Core Concepts
The core message of this article is to propose an efficient online continuous hyperparameter tuning framework called Continuous Dynamic Tuning (CDT) for contextual bandits, which can automatically learn the optimal hyperparameter configuration in practice without requiring a pre-defined candidate set. The authors also introduce a novel Zooming TS algorithm with Restarts to handle the non-stationary Lipschitz bandit problem underlying the hyperparameter tuning task, and provide theoretical guarantees on the regret bounds.
Abstract
The article presents an online continuous hyperparameter optimization framework called Continuous Dynamic Tuning (CDT) for contextual bandits. The key contributions are:
Formulating the hyperparameter optimization as a non-stationary Lipschitz continuum-armed bandit problem, where each arm represents a hyperparameter configuration and the corresponding reward is the algorithmic performance.
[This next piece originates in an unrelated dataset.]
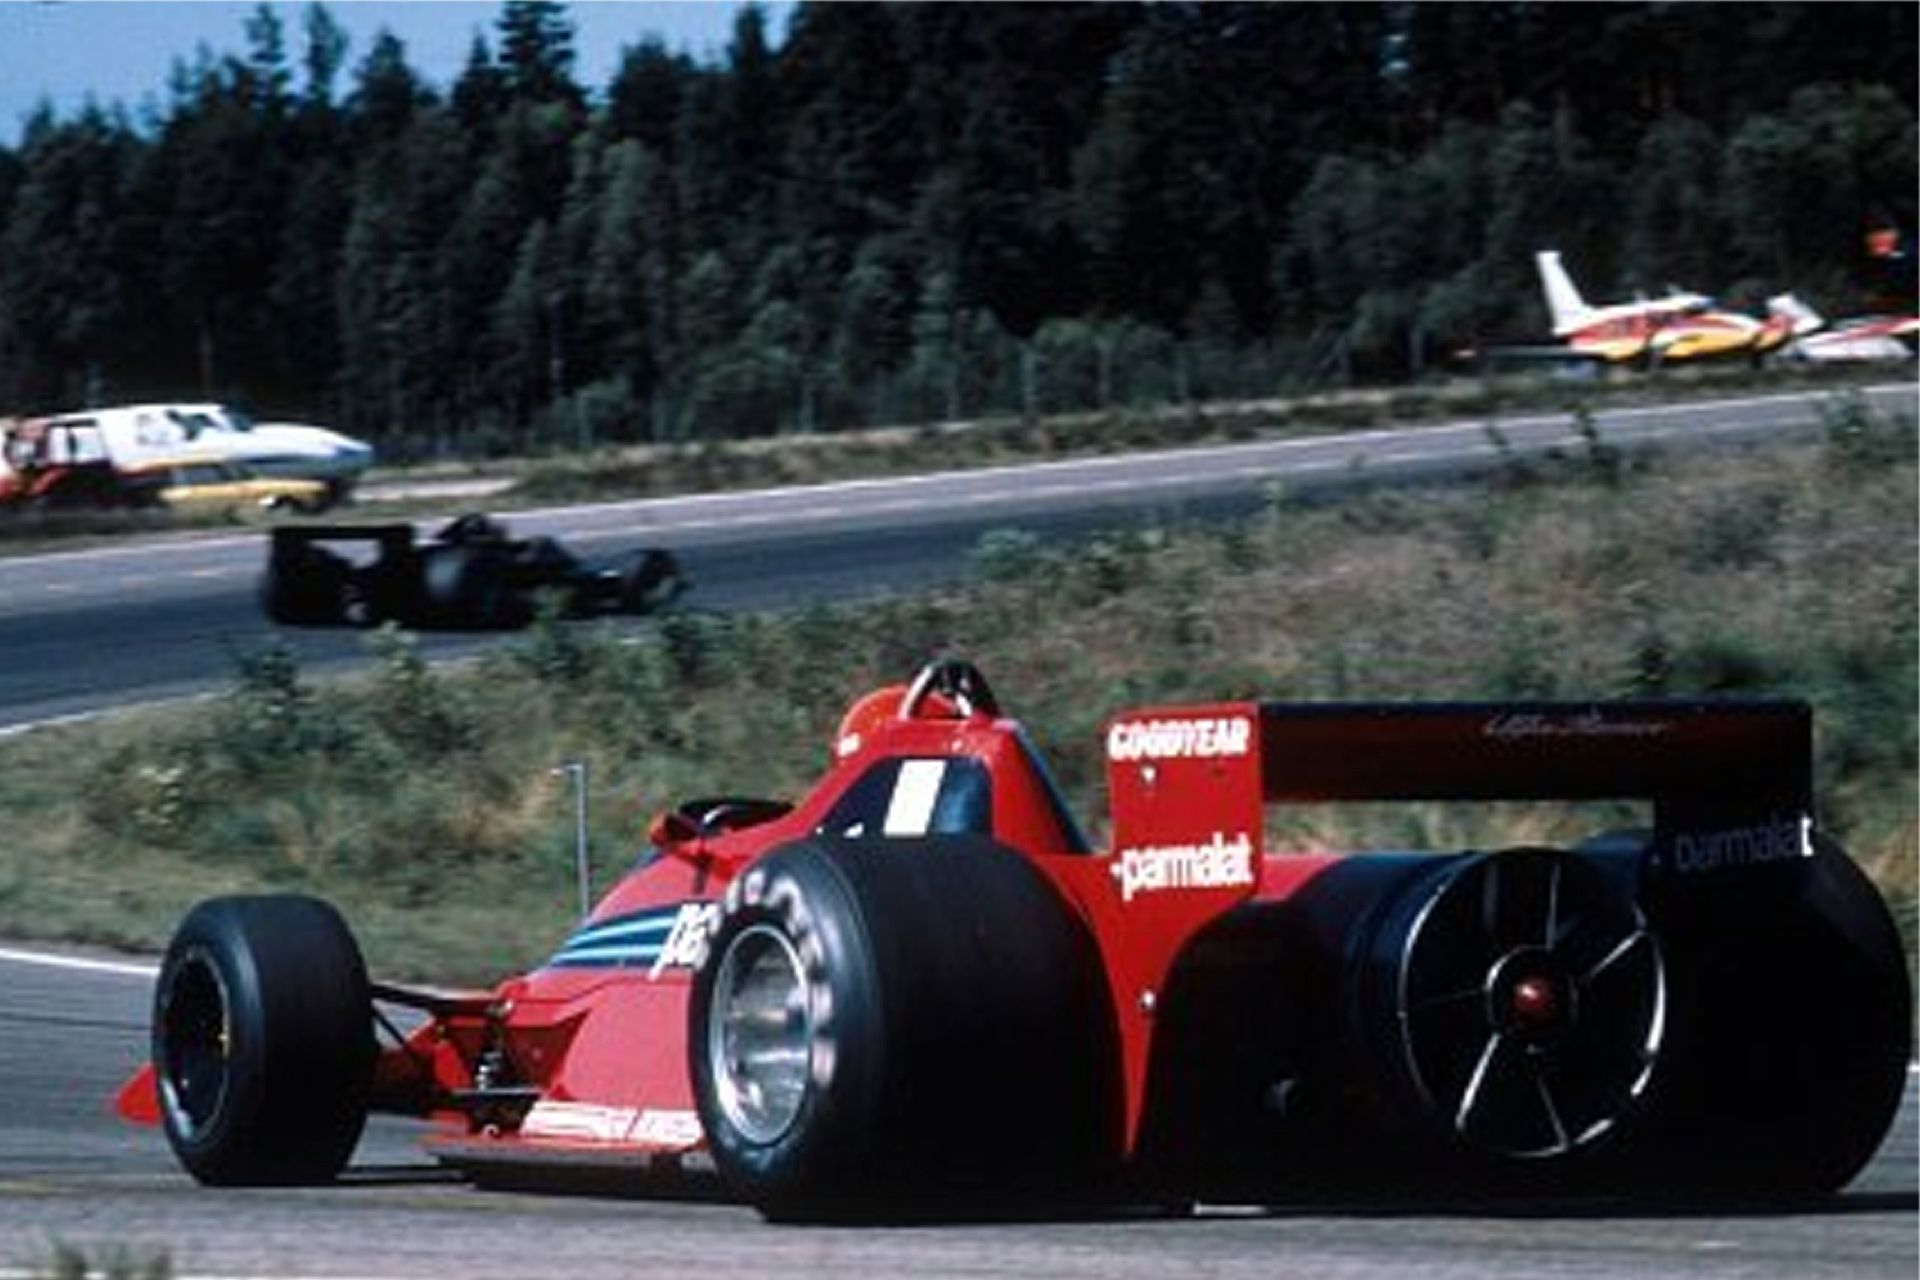 (0212)  Aquellos hermosos Brabham

Proposing the Zooming TS algorithm with Restarts to efficiently solve this Lipschitz bandit problem under the switching environment, which adaptively refines the hyperparameter space and utilizes Thompson Sampling for exploration. A restart technique is introduced to handle the piecewise changes in the bandit environment.
Providing theoretical guarantees on the regret bounds of the proposed CDT framework, showing it can achieve sublinear regret under mild assumptions.
Demonstrating through experiments on both synthetic and real datasets that the CDT framework consistently outperforms existing hyperparameter tuning methods for various contextual bandit algorithms.
The article first reviews the problem setting of contextual bandits and the limitations of existing hyperparameter tuning approaches. It then introduces the Zooming TS algorithm with Restarts for the Lipschitz bandit problem under the switching environment, and integrates it into the CDT framework for online hyperparameter optimization of contextual bandits. Rigorous theoretical analysis and extensive empirical evaluations are provided to validate the effectiveness of the proposed method.
Stats
The article does not contain any explicit numerical data or statistics. The experimental results are presented in the form of cumulative regret curves.